To address the escalating demand for sophisticated thermal management in electronics, energy batteries, and wearable devices, extensive research has been dedicated to developing shape-stabilized and highly thermally conductive phase change composites (PCCs). However, their inherent rigidity and limited flexibility pose significant challenges for practical applications. In response, we have engineered a novel and flexible PCC by integrating loofah sponge (LS) and styrene-isoprene-styrene block copolymer (SIS) as co-supporting framework with paraffin wax (PW) as heat storage medium, further enhanced with carbon nanotubes (CNTs). The process began with the vacuum adsorption of PW into an ammonia-softened LS, which forming a fibrous network. This was followed by the introduction of a mixed melt of SIS and PW, physically cross-linked and dispersed with CNTs, into the LS fibrous network. The composite was then cooled and shaped to produce the (final) PCC. The resultant PCC exhibited remarkable ductility with an elongation of approximately 780 % and a maximum tensile strength of ∼2 MPa. Furthermore, it maintained thermal reliability and dimensional stability over long-term usage, with a melting heat enthalpy as high as 146.4 J/g.

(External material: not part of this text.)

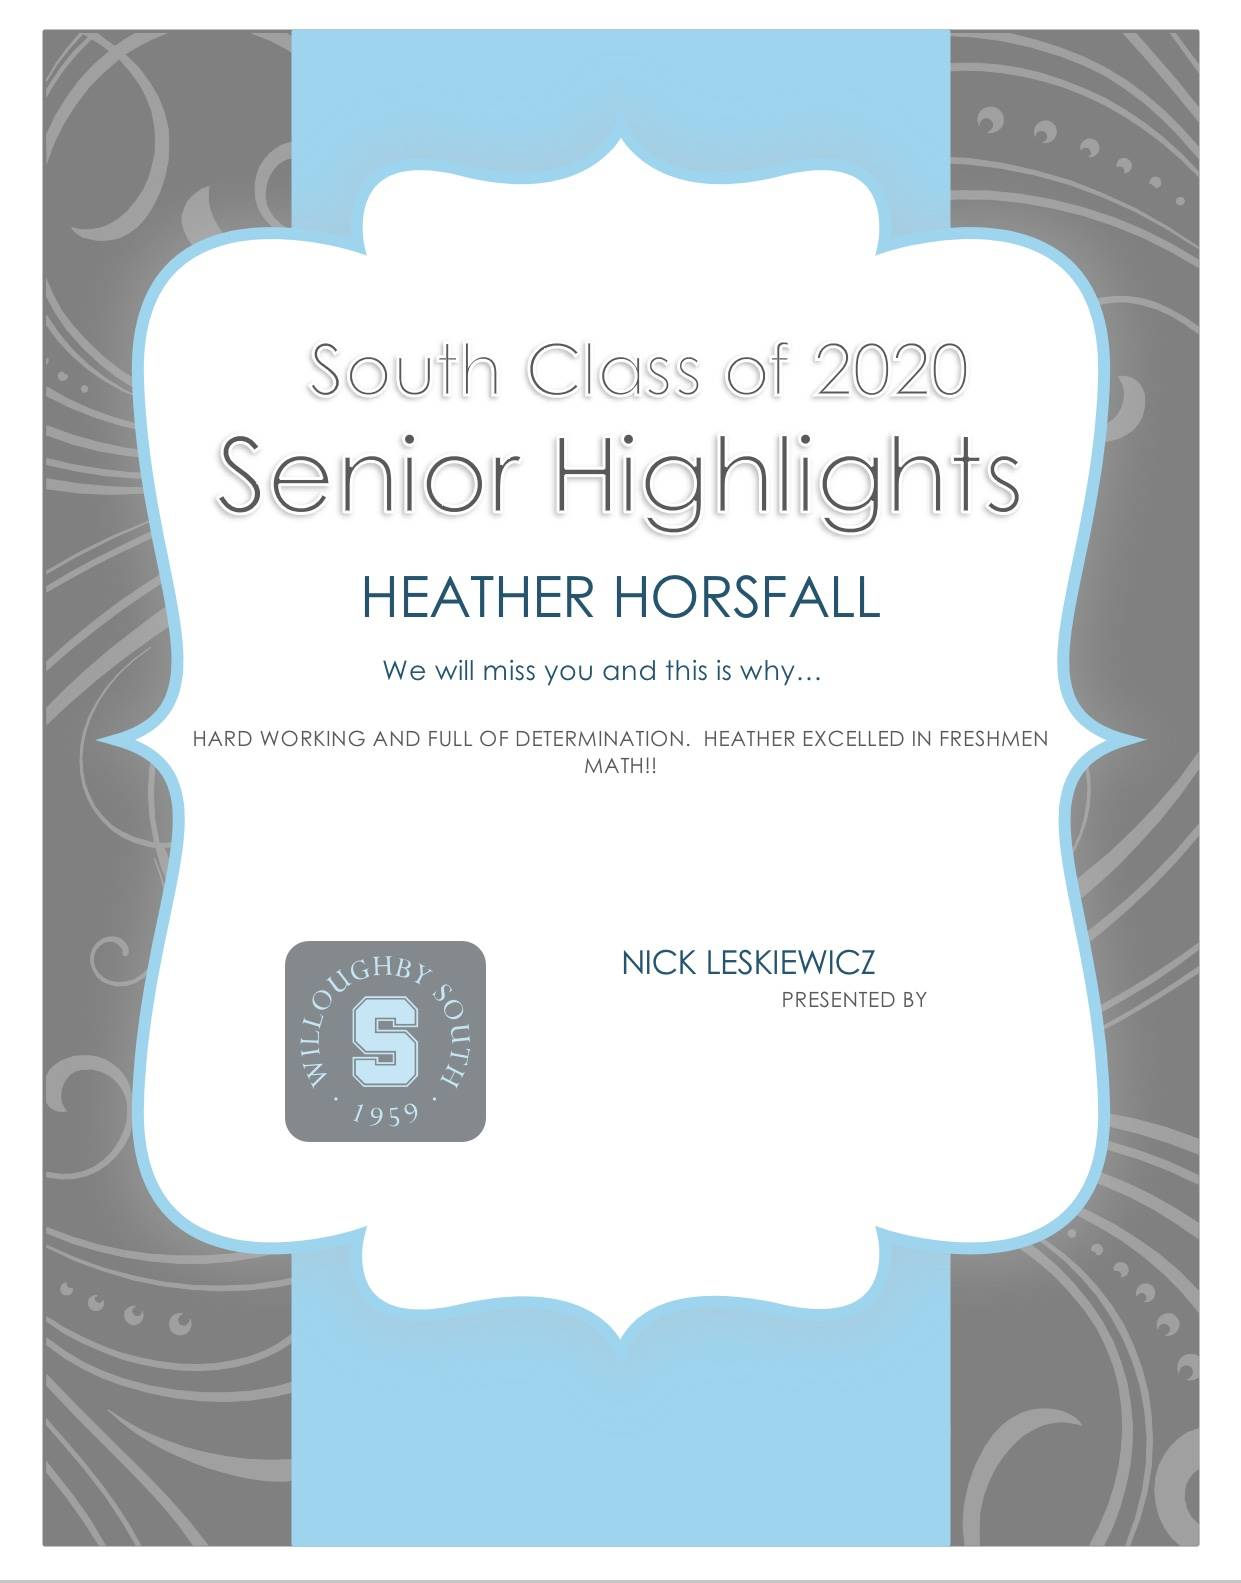 Heather Horsfall

This flexible PCC, which combines high latent thermal energy storage, temperature regulation, and thermally induced assembly properties, shows considerable promise for thermal protection and portable thermal management in electronic devices. •A novel and flexible PCC was fabricated by compositing LS/PW and ISI/PW with CNTs.•ISI/PW compound was a mixed melt of SIS physically cross-linked with PW and dispersed with CNTs.•The (final) PCC demonstrated superior ductility with huge elongation and tensile stress.•PCC exhibited high latent heat, temperature regulation and thermally induced assembly properties.•It had great potential in thermal protection and portable thermal management of electronic device.